- **Entries shown**
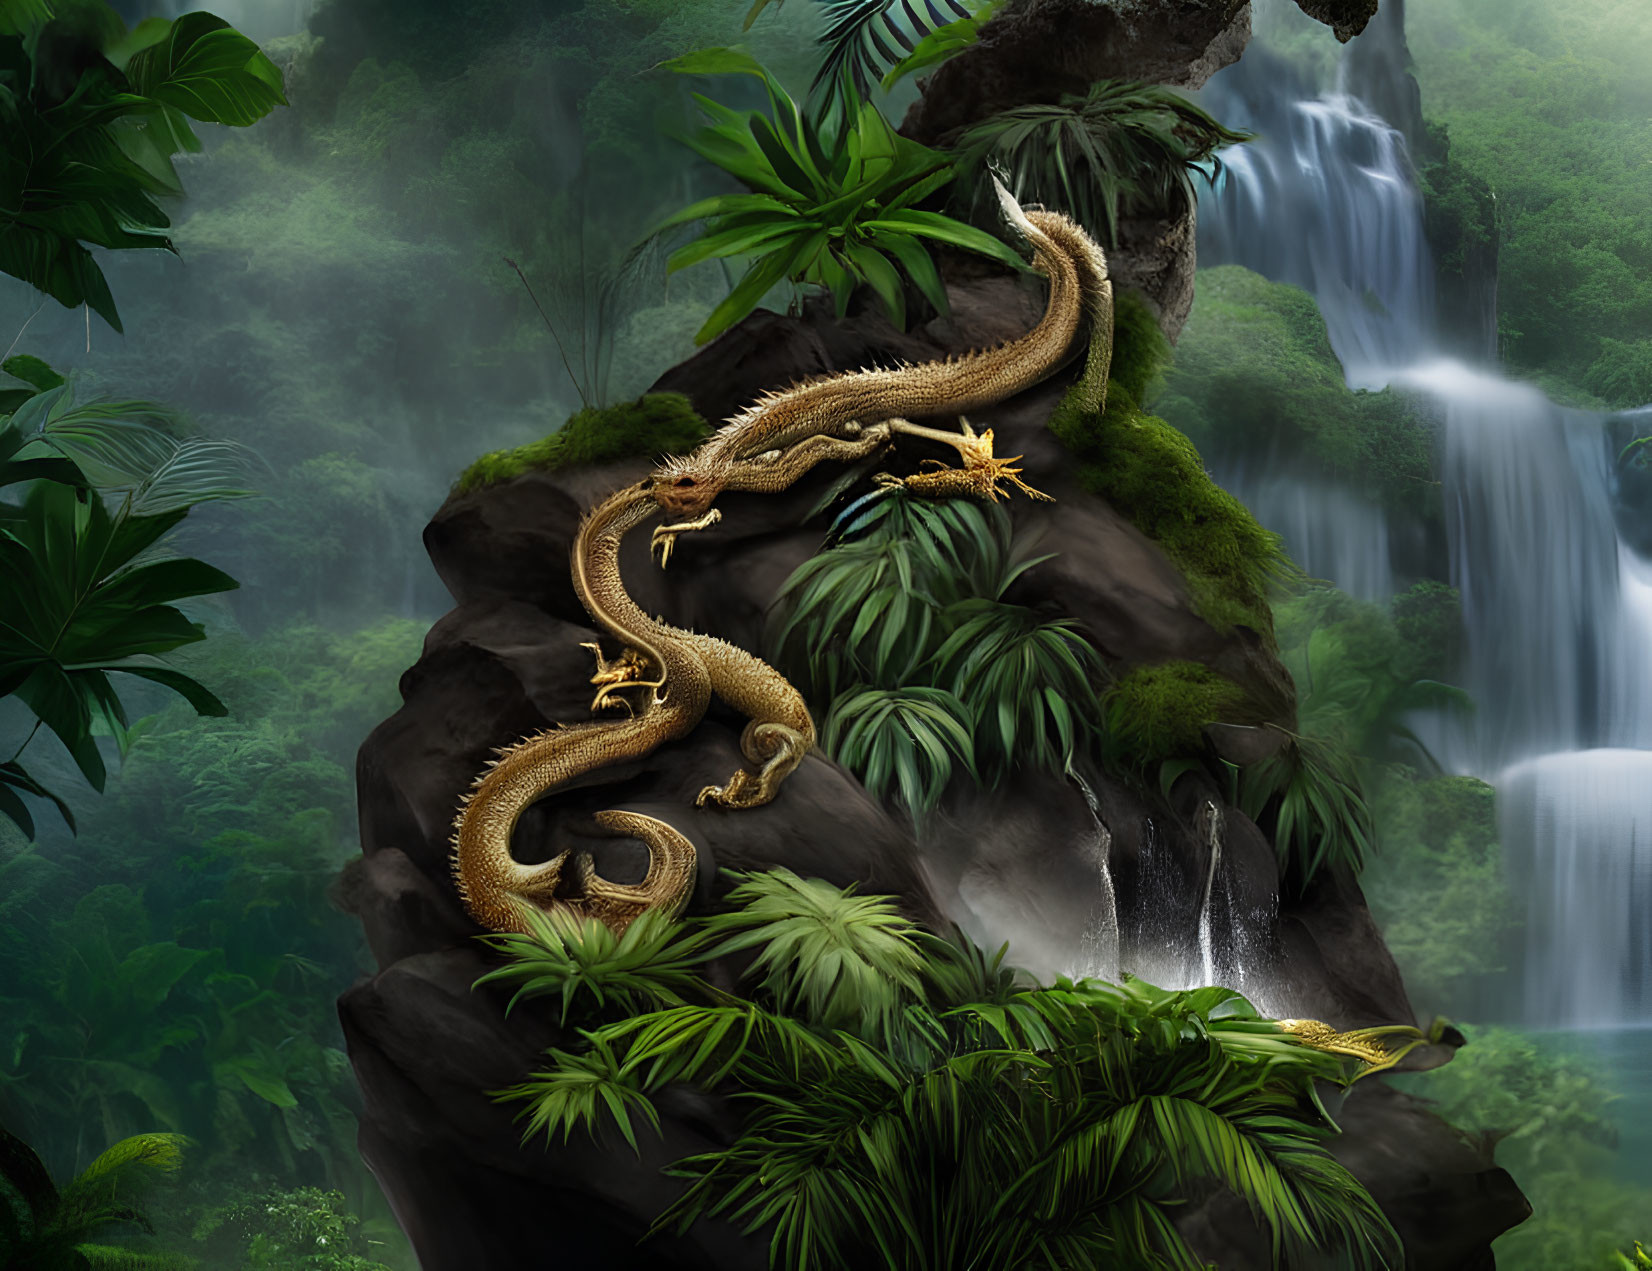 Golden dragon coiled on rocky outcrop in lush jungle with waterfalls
==
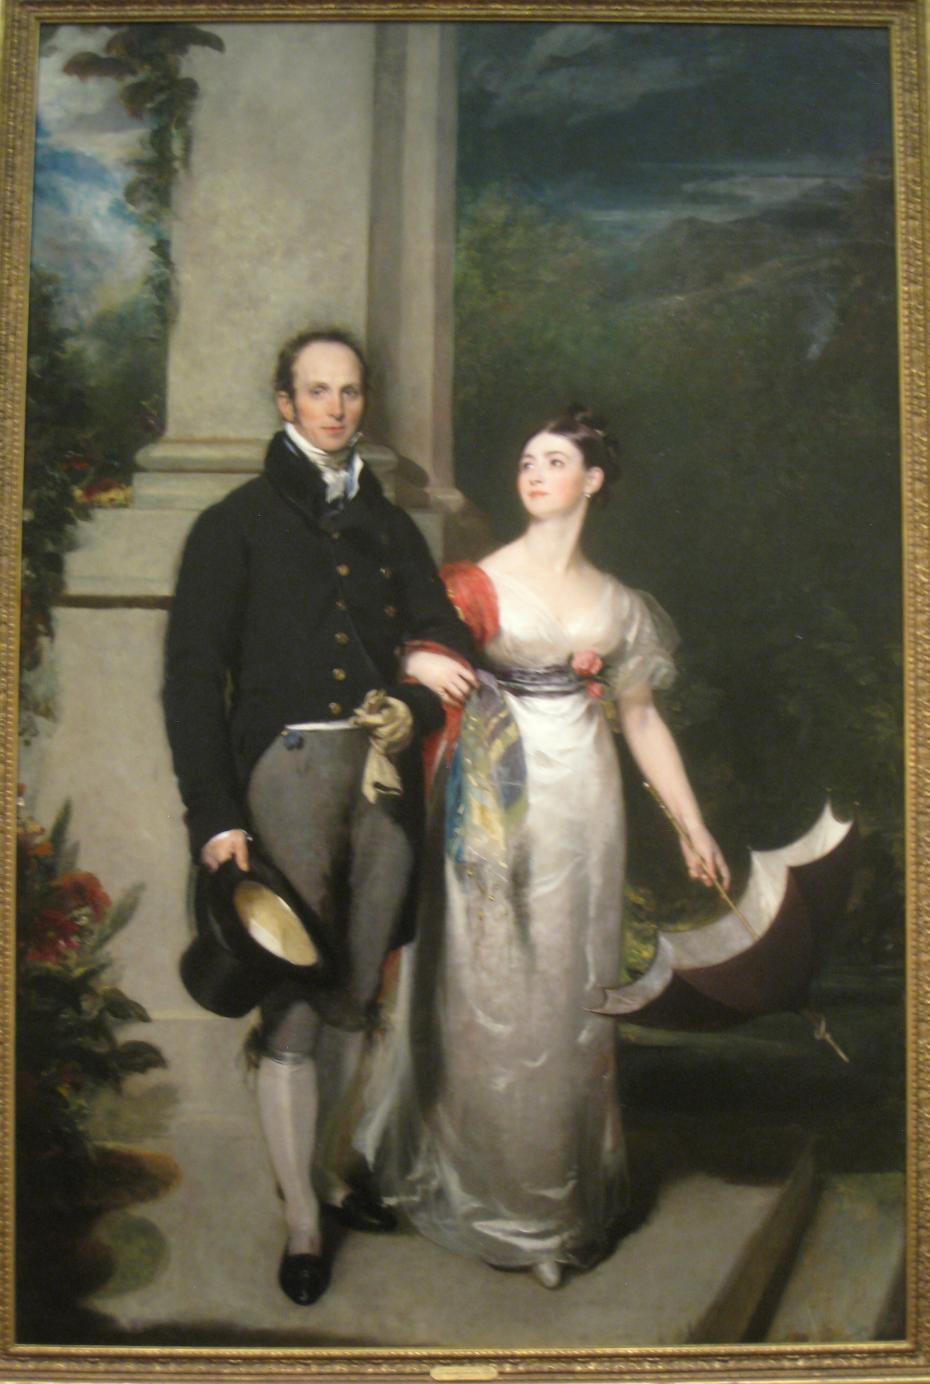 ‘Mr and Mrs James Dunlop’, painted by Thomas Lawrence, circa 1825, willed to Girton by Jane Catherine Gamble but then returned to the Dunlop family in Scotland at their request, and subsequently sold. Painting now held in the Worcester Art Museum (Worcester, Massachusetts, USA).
* * *
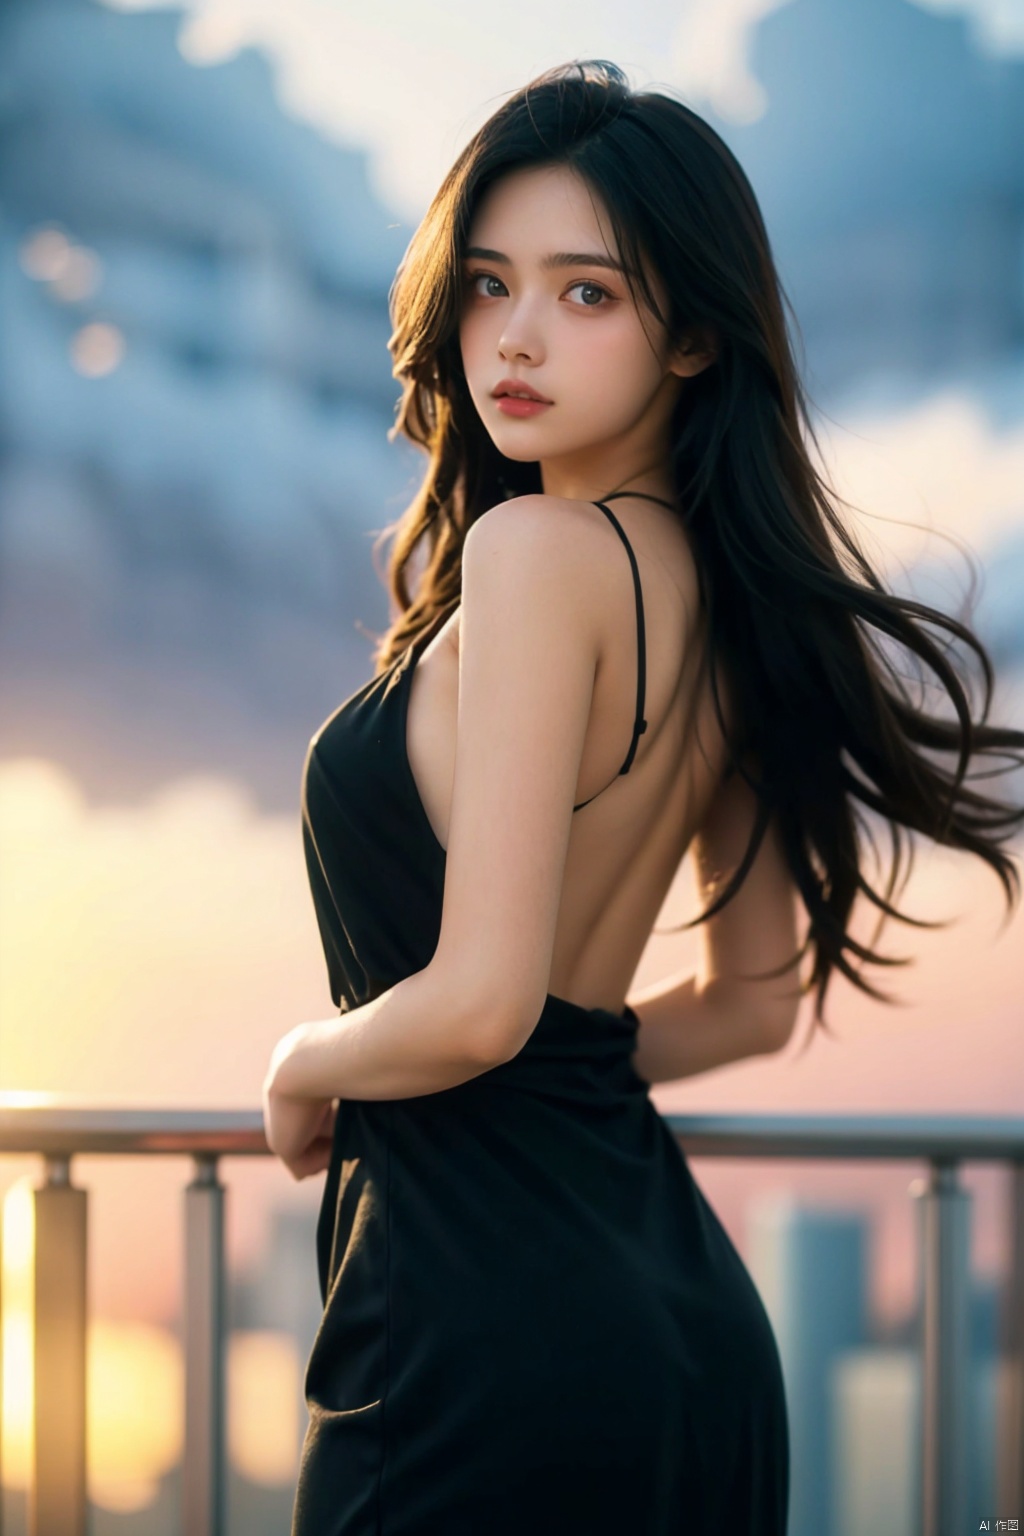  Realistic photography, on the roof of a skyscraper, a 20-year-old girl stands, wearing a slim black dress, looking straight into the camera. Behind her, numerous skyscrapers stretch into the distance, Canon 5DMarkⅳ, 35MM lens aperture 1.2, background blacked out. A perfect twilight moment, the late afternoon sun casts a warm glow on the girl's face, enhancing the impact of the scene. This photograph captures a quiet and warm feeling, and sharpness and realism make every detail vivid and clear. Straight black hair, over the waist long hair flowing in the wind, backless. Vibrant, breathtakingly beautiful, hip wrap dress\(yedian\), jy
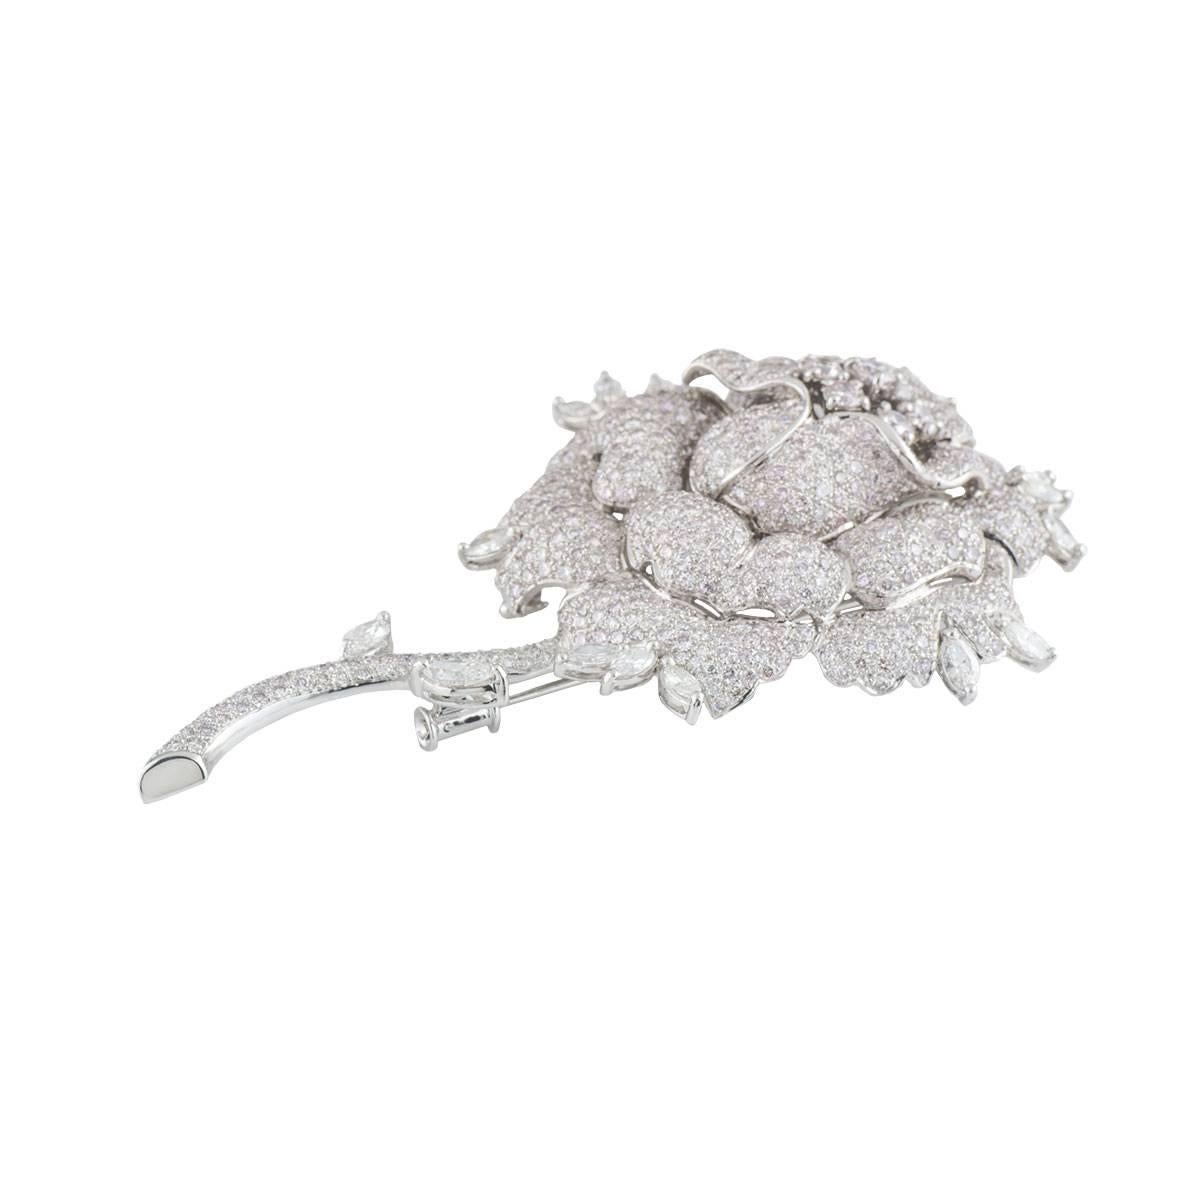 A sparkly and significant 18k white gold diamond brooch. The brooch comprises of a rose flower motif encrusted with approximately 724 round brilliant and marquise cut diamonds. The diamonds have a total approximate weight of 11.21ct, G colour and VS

- **Problem**
In the listing above, find the line containing "Realistic photography, on" and the line containing "A sparkly and". Reproduce those lines and all between them exactly, with no pictures and nothing more.

- **Solution to this problem**
  Realistic photography, on the roof of a skyscraper, a 20-year-old girl stands, wearing a slim black dress, looking straight into the camera. Behind her, numerous skyscrapers stretch into the distance, Canon 5DMarkⅳ, 35MM lens aperture 1.2, background blacked out. A perfect twilight moment, the late afternoon sun casts a warm glow on the girl's face, enhancing the impact of the scene. This photograph captures a quiet and warm feeling, and sharpness and realism make every detail vivid and clear. Straight black hair, over the waist long hair flowing in the wind, backless. Vibrant, breathtakingly beautiful, hip wrap dress\(yedian\), jy
 A sparkly and significant 18k white gold diamond brooch. The brooch comprises of a rose flower motif encrusted with approximately 724 round brilliant and marquise cut diamonds. The diamonds have a total approximate weight of 11.21ct, G colour and VS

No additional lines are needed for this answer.